Saturday, March 23, 2019

Frank Ashe — A Kindergarten Guide To Modern Monetary Theory

This is a paper presented to the Institute of Actuaries of Australia in May, 2010. It is s simplified introduction to MMT by someone that understands accounting and its institutional foundations.

Now that MMT is going mainstream it is a good place for many who are curious about it to start.

Pass it on.
My particular interest in this particular theory is due to the very simple nature of its assumptions and the clarity of its logic – essentially looking at the consequences of a stock/flow consistent analysis of money and credit.
One important point that flows from this analysis is a recognition that most of the current discussion on the topic of money, credit, and the government sector finances has a language that comes from the gold standard era of money.
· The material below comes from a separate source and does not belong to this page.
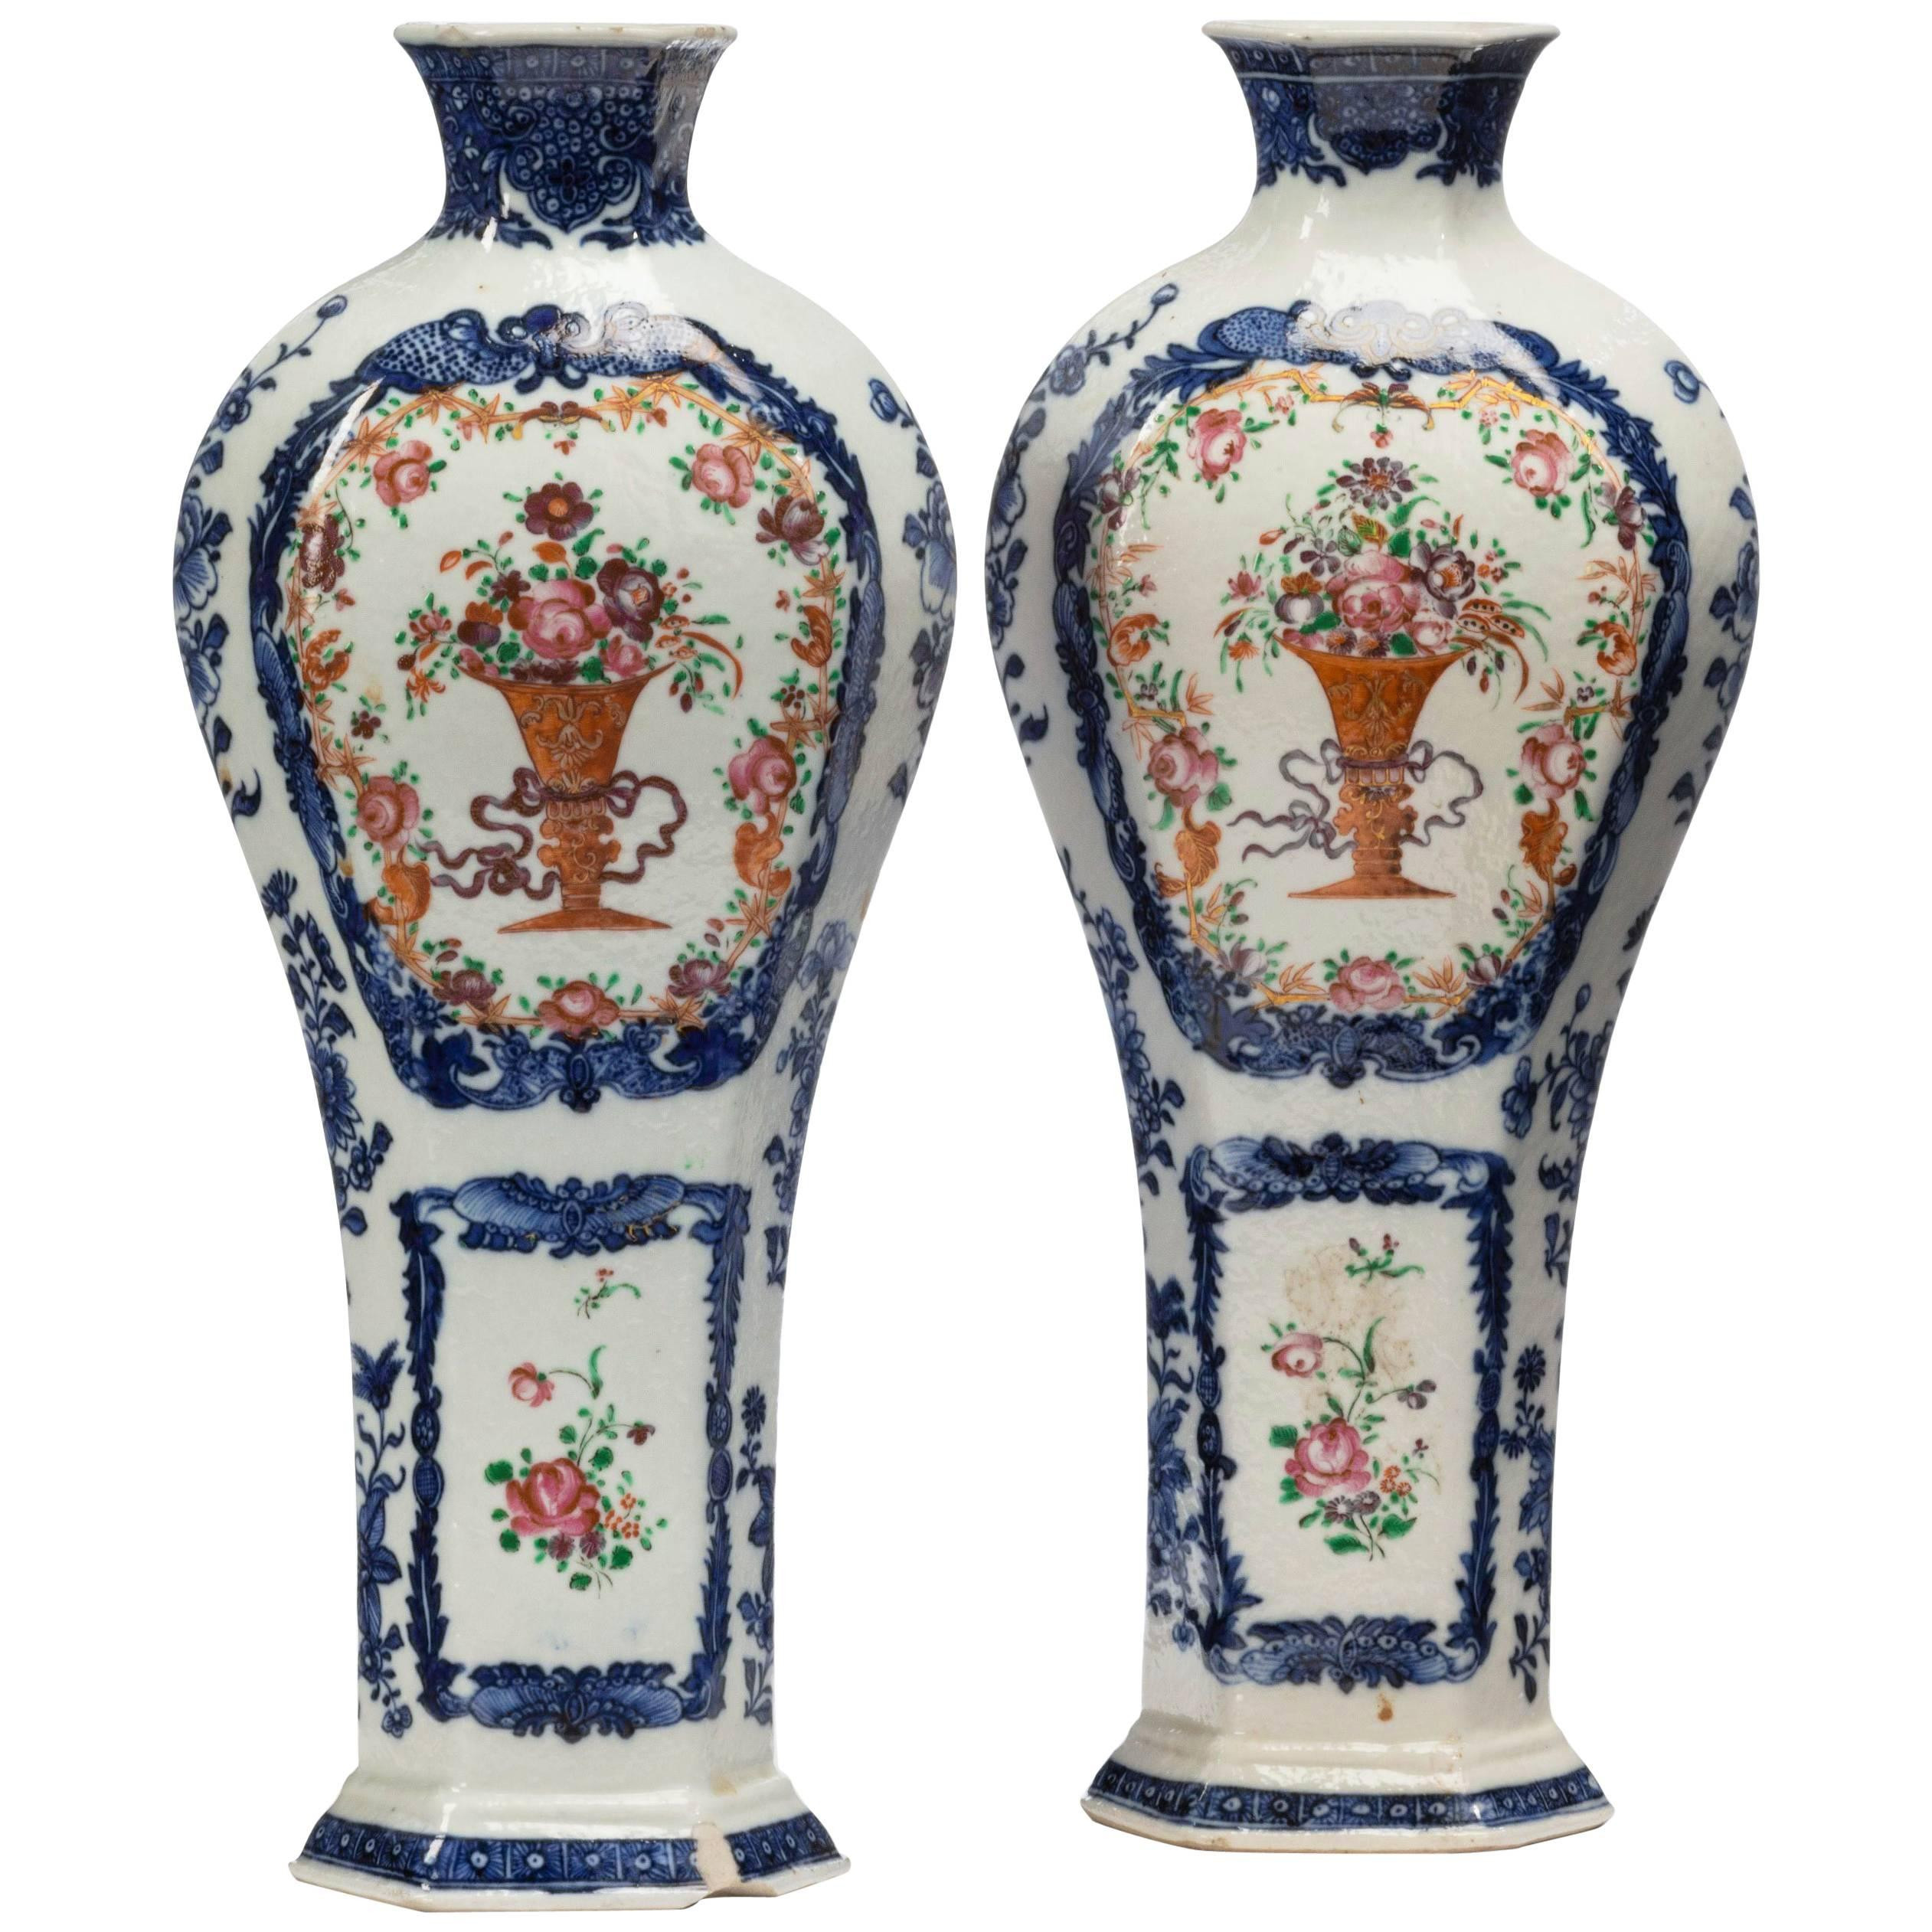 19 Unique Blue White Porcelain Vase 2022 free download blue white porcelain vase of pair of qianlong period vases for sale at 1stdibs in 10738003 master

Most economies have been in a fiat money system since the mid 1970s – it’s time to move the discussion onto the proper footing.
As part of this, I’ve noticed it is easy to become confused between the boundary line demarcating (i) and (ii) and the boundary line demarcating (ii) and (iii) where:
(i) what is easily accomplished using the current economic institutions, widely interpreted as: laws on budgetary outcomes; notional independence of central banks; presentation and discussion of government finances; imagined reactions of bond markets etc i.e. the self-imposed constraints under which a government manages the economy;
(ii) what is actually happening under a fiat money system;
(iii) what is not allowed under a fiat money system.
In discussion with various people I have found this confusion to be very difficult to overcome. The self-imposed constraints have so muddied the stream of discourse that it is difficult to see what is happening beneath the surface.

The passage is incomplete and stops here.